Nothing in the article you linked to says that the wealthy gulf states (Saudi Arabia, Kuwait, UAE, Oman, etc.) are accepting refugees. From what I’ve read, the big 6 wealthy gulf countries have agreed to take zero refugees.

The Arab countries that have do their part are primarily Egypt, Jordan, and Lebanon. Basically only the poorer countries.

Not only are they not taking refugees, but the big 6 wealthy gulf countries, particularly Saudi Arabia, are the ones funding ISIS, which is creating this refugee disaster in the first place.
———————————————————-
Canadians should just wake up and stop the feel good self flagellation.

#213 OXI in GREECE !! on 09.04.15 at 5:33 pm

#199 jas on 09.04.15 at 4:20 pm
#188 Hotdogs ate my brain

I agree with you. I.T work can be done from offshore with no expensive office rents to pay. And the salary paid is a fraction of what one demands in the developed world.

Perhaps this also gives an interesting insight into why Warren Buffet is not a great fan of I.T industry.
<<<<<<<<<<<<<<<<<<<<<<<<<<<<<<<<<<

I'm surprised Social Media has not set up some kind of boycott blockade to IT companies that do this. There are many many choices for games, movies, entertainment etc these days. I would gladly stop buying anything from a company that uses "outsourced" IT which puts Canadians out of work.

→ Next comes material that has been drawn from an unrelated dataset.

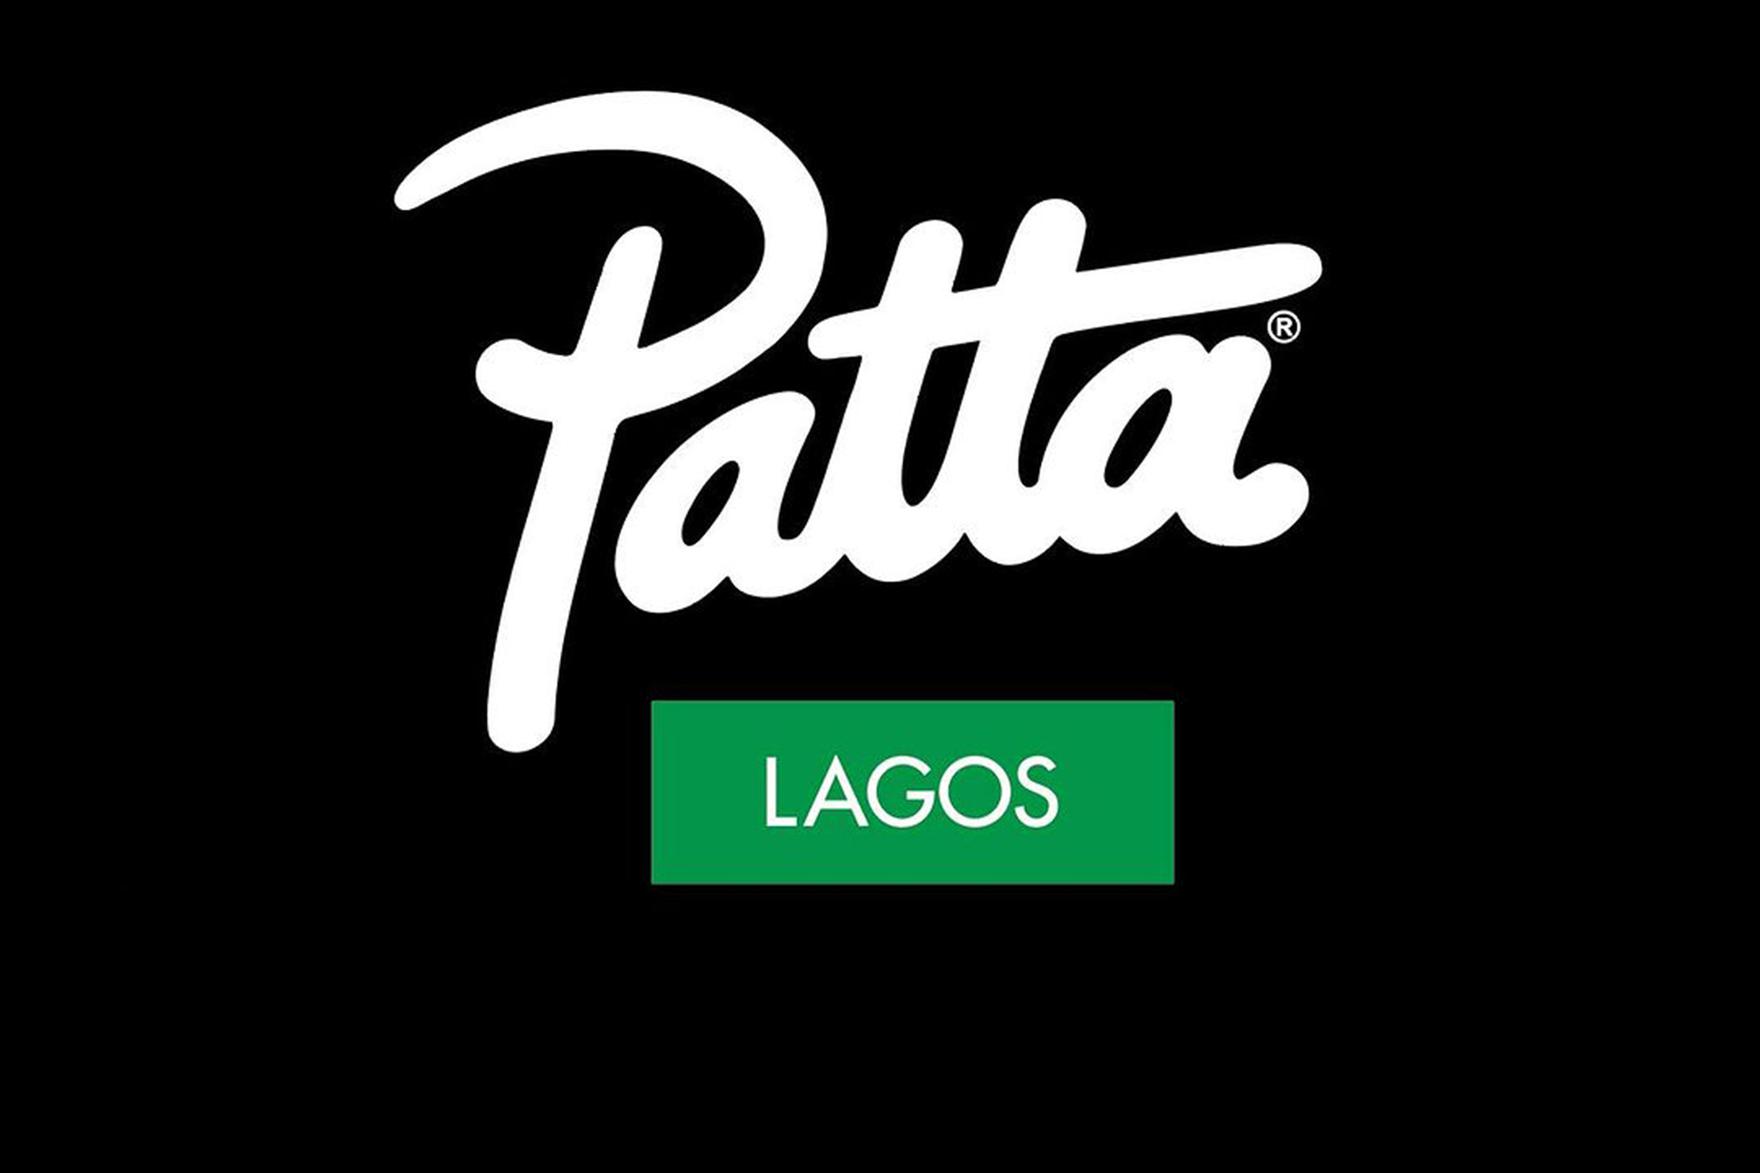 Patta Lagos

#214 Leo Trollstoy on 09.04.15 at 5:39 pm

Perhaps this also gives an interesting insight into why Warren Buffet is not a great fan of I.T industry.

Except for his giant stake in IBM

#215 Larry Laffer on 09.04.15 at 5:46 pm

@200 The Other Chris
Amen to that. The Western World, the United States in particular, held a very questionnable course of action in this region in the past decades, and as a consequence has poorly chosen its allies.

Al-Quaeda originates from Saudi Arabia, as did most 9/11 hijackers, and before that the original 1993 WTC bombing.

Saudi Arabia and Turkey are just too happy seeing ISIS murder Chiis and Kurds, which they hate. Turkey has barely helps the campaign against ISIS for far, preferring to hit its own Kurds population instead.

Turkey is also buying ISIS’s contraband oil production, which keeps them well funded.

Saudi Arabia has commited way more troops and funding fighting against Iran’s influence in Yemen than it did fighting ISIS, so far.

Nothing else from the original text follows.